We also investigated the possible mechanism by which ANGPTL2 knockdown inhibited glioma cell proliferation and invasion. The ERK/MAPK signaling pathway is an important signal transduction pathway and is activated by serum, cytokines, growth factors, and osmotic stresses30. In addition, it is capable of phosphorylating and regulating various substrates such as kinases, cytoskeletal proteins, and transcription factors, which lead to changes in gene expression and cellular functions31. More importantly, aberrant activation of the ERK/MAPK signaling pathway is often found in cancers including glioma20–22. Furthermore, ANGPTL2 has been reported to promote metastasis during breast cancer development via regulating the ERK/MAPK pathway32. In this study, we found that ANGPTL2 knockdown significantly reduced the protein levels of p-ERK1/2 in glioma cells, indicating an inhibitory effect of ANGPTL2 knockdown on the activity of the ERK/MAPK signaling pathway. We also used U0126 (a specific inhibitor of ERK/MAPK) to treat siANGPTL2-transfected LN18 cells. The results showed that siANGPTL2-inhibited glioma cell proliferation and invasion were potentiated after treatment with U0126. According to these results, we may infer that other signaling pathways are also involved. Therefore, more studies should be performed for further investigation.

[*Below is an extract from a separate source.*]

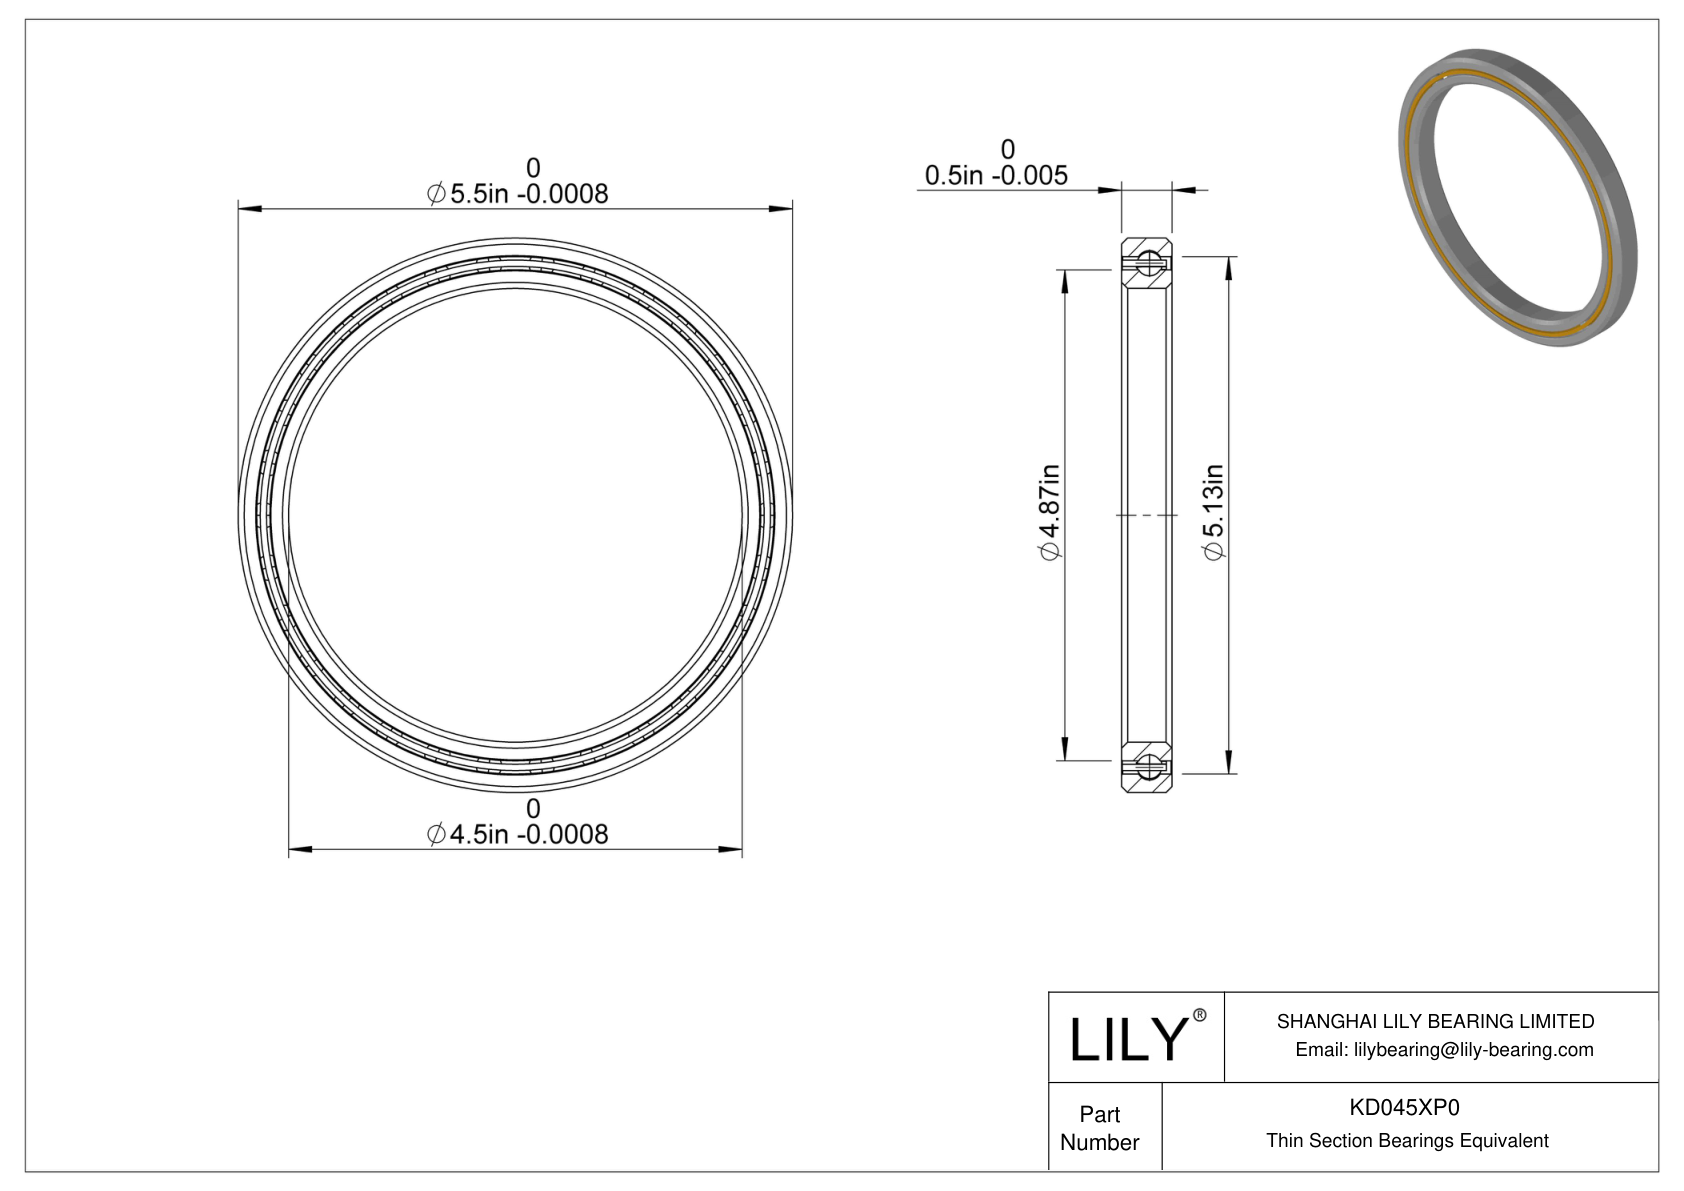 KD045XP0 Constant Section (CS) Bearings cad drawing
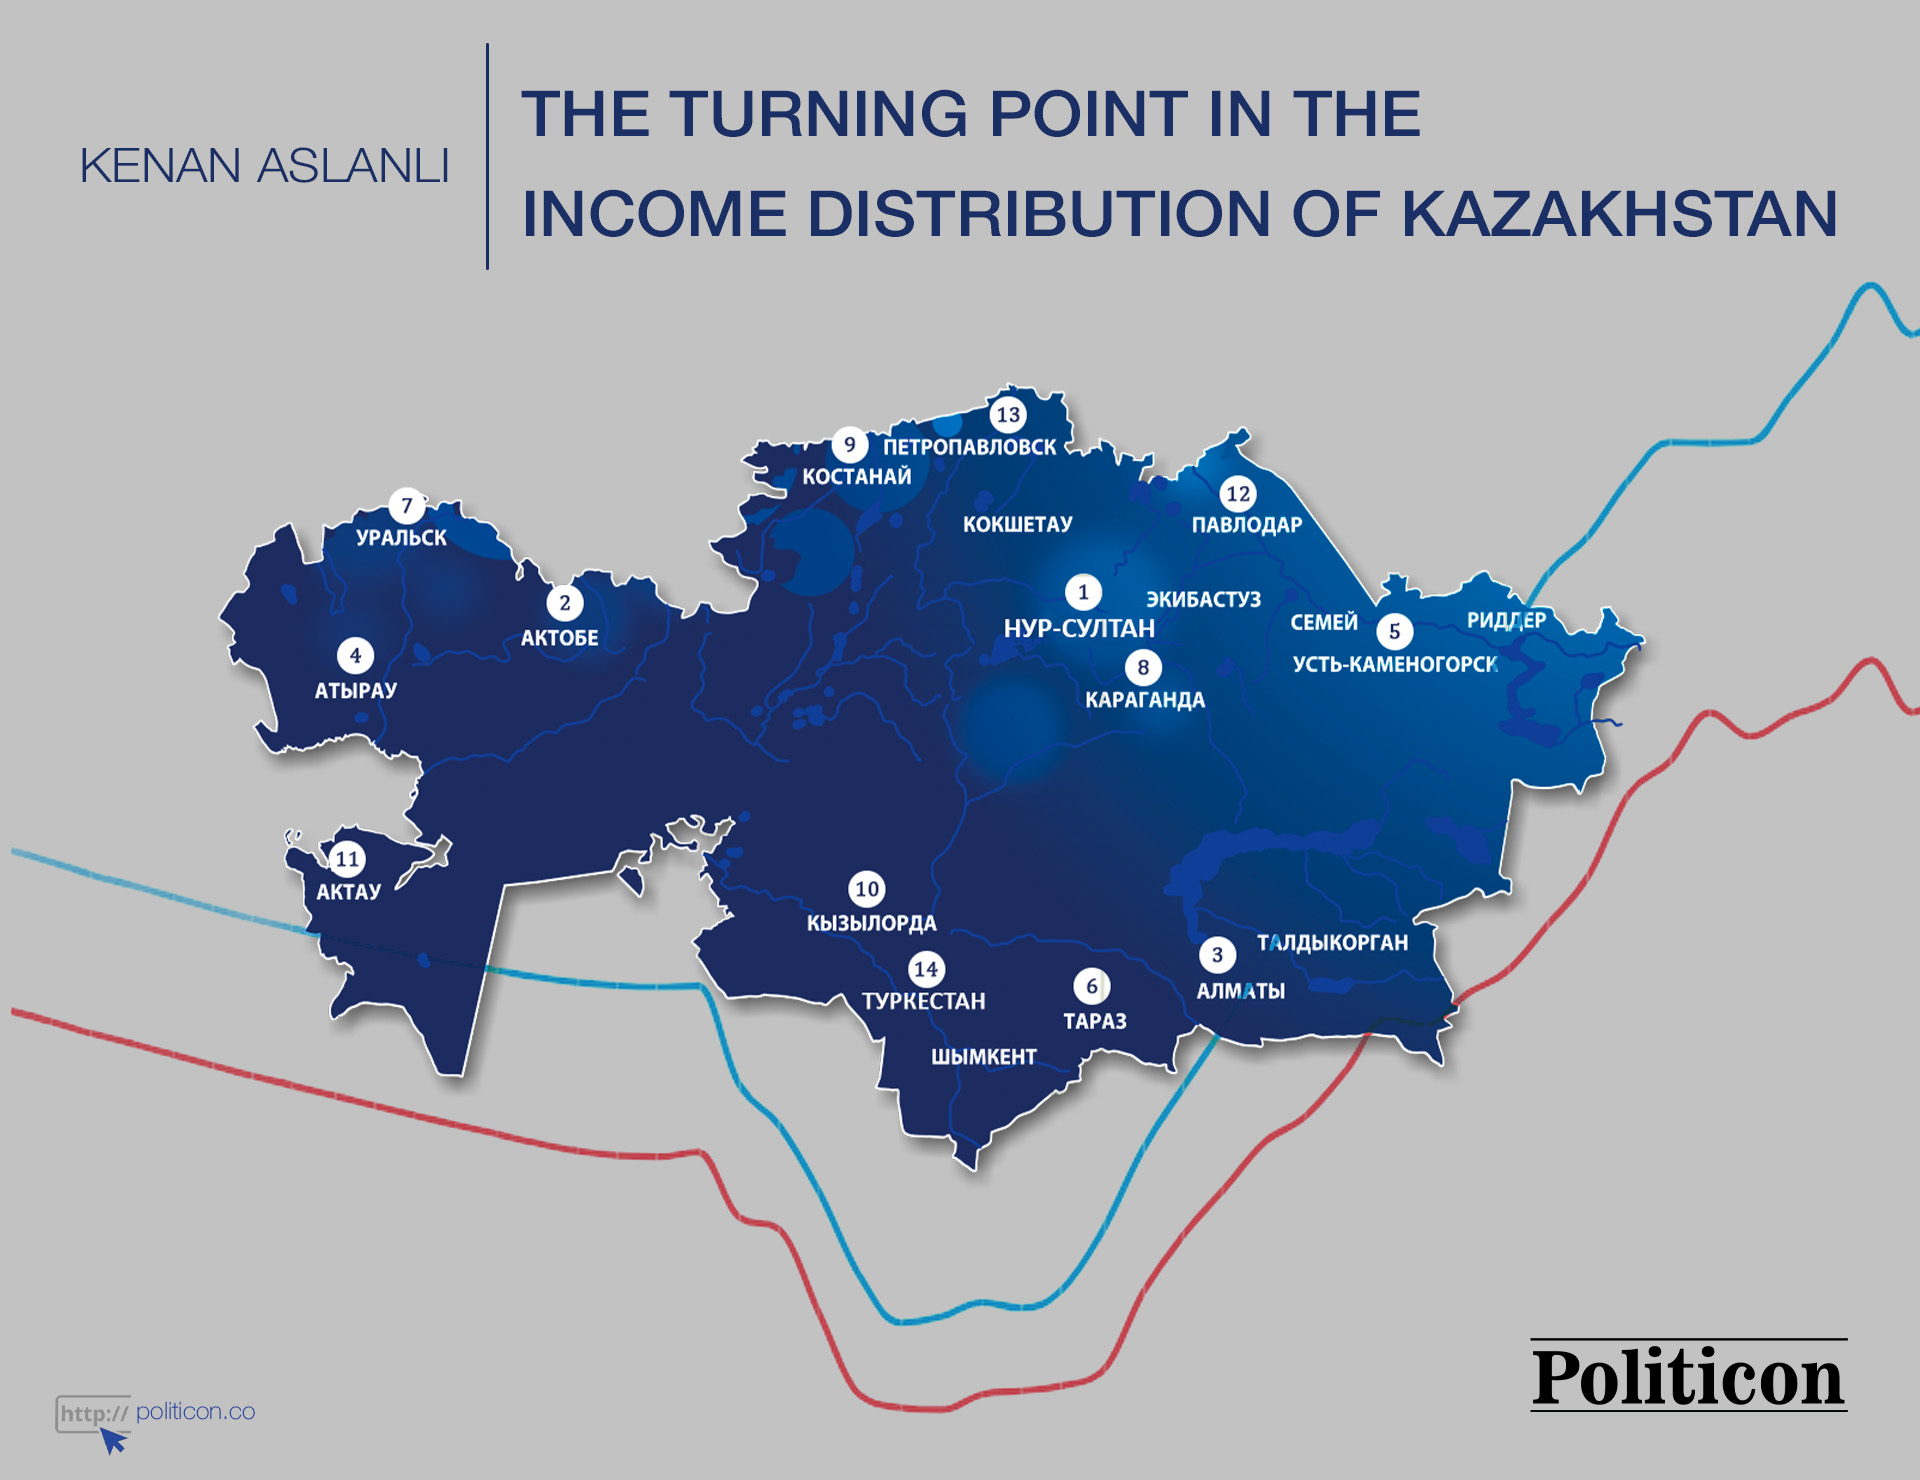 The turning point in the income distribution of Kazakhstan

In summary, we found that ANGPTL2 was elevated in glioma tissues and cells. Knockdown of ANGPTL2 reduced the proliferative and invasive abilities of glioma cells. Moreover, the tumorigenesis assay showed that ANGPTL2 knockdown inhibited glioma tumor growth in vivo. We also found that ANGPTL2 knockdown decreased the protein levels of p-ERK1/2 in glioma cells and thus blocked the activity of the ERK/MAPK signaling pathway. Taken together, our study provided the first evidence that ANGPTL2 plays an oncogenic role in glioma development and might be considered to be a new therapeutic target for glioma treatment.